The Province of Lower Silesia (Provinz Niederschlesien; Silesian German: Provinz Niederschläsing; Prowincja Dolny Śląsk; Prowincyjŏ Dolny Ślōnsk) was a province of the Free State of Prussia from 1919 to 1945. Between 1938 and 1941 it was reunited with Upper Silesia as the Province of Silesia. The capital of Lower Silesia was Breslau (now Wrocław in Poland). The province was further divided into two administrative regions (Regierungsbezirke), Breslau and Liegnitz.

The province was not congruent with the historical region of Lower Silesia, which now lies mainly in Poland.
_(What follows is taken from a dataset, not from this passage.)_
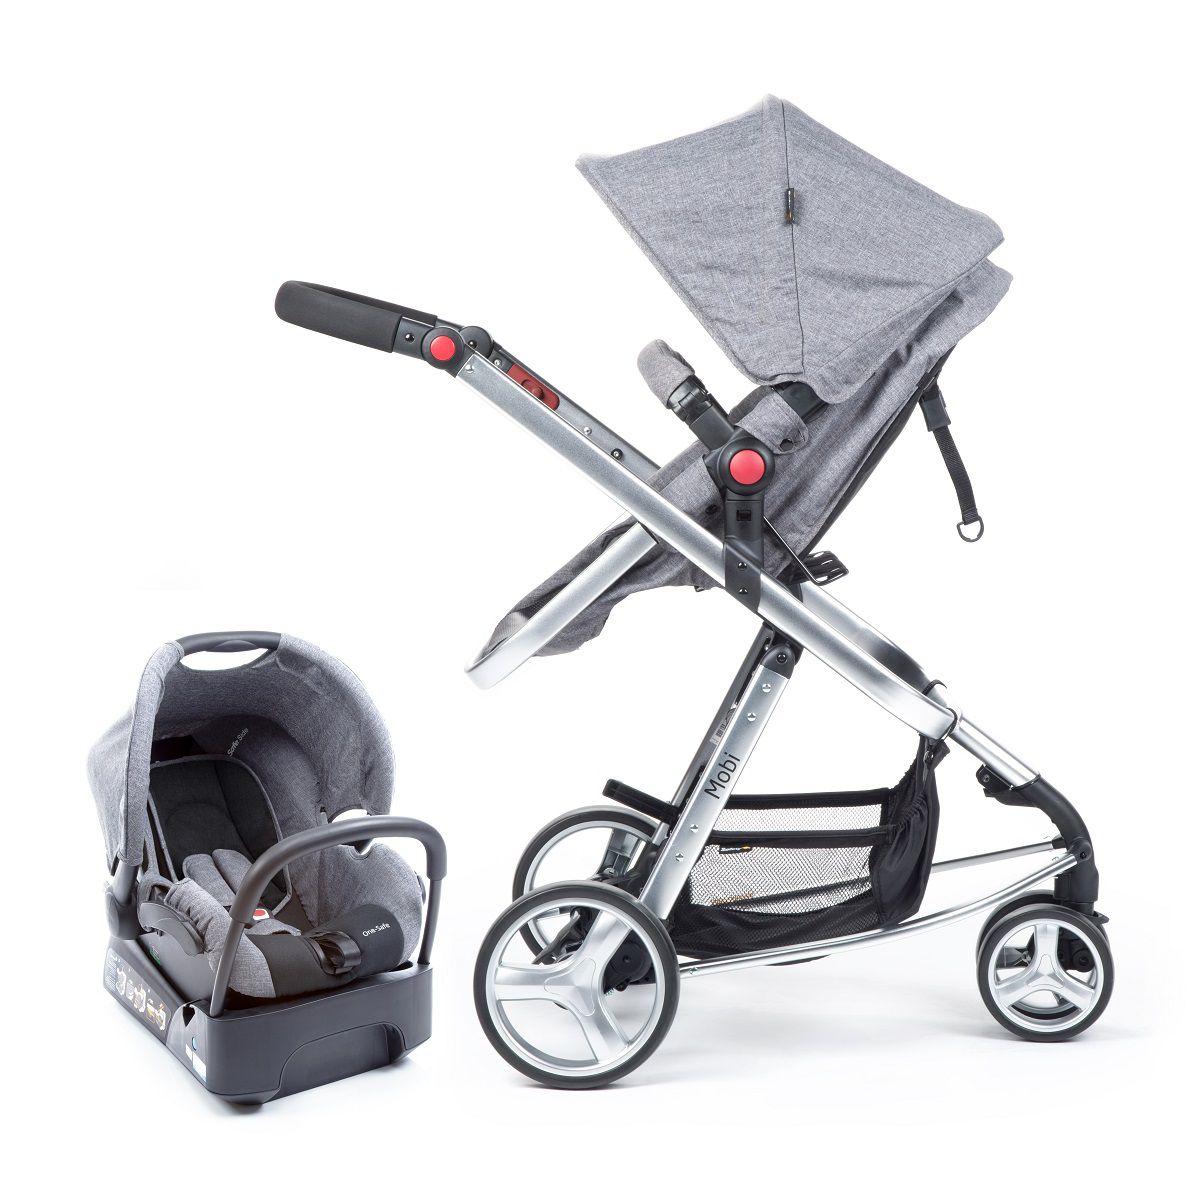 Carrinho de bebê Travel System Mobi denin cinza - Safety 1st
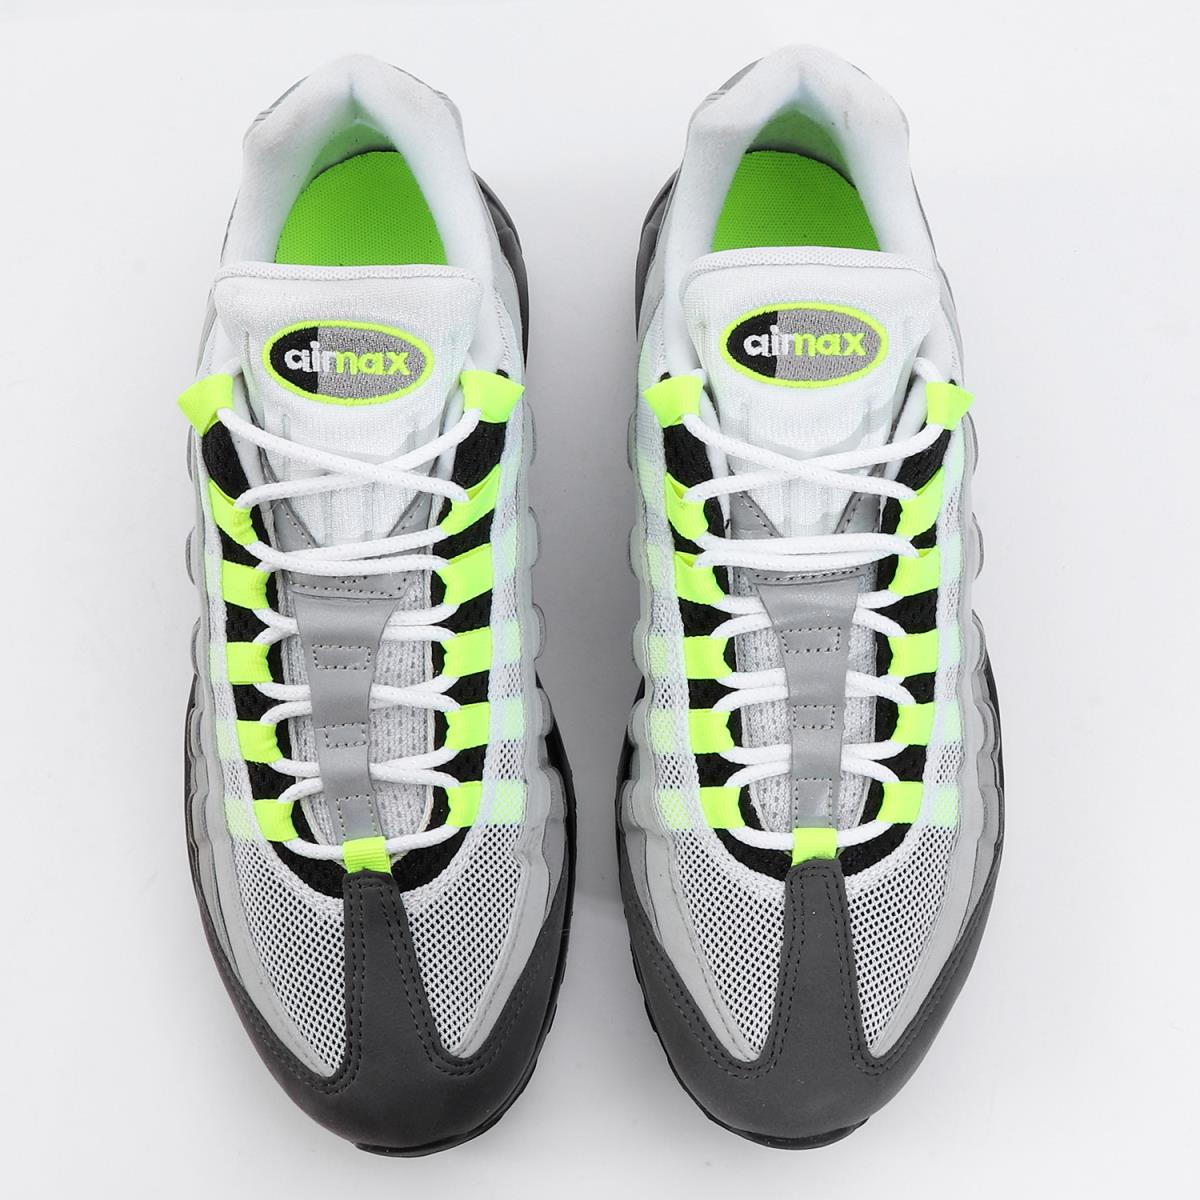 16ddbf8763c1 BEEGLE by Boo-Bee  NIKE (Nike) AIR MAX 95 OG VOLT NEON (  554

It additionally comprised the Upper Lusatian districts of Görlitz, Rothenburg and Hoyerswerda in the west, that until 1815 had belonged to the Kingdom of Saxony, as well as the former County of Kladsko in the southeast.

The province was disestablished at the end of World War II and with the implementation of the Oder–Neisse line in 1945, the area east of the Neisse river fell to the Republic of Poland. The smaller western part was incorporated into the German states of Saxony and Brandenburg.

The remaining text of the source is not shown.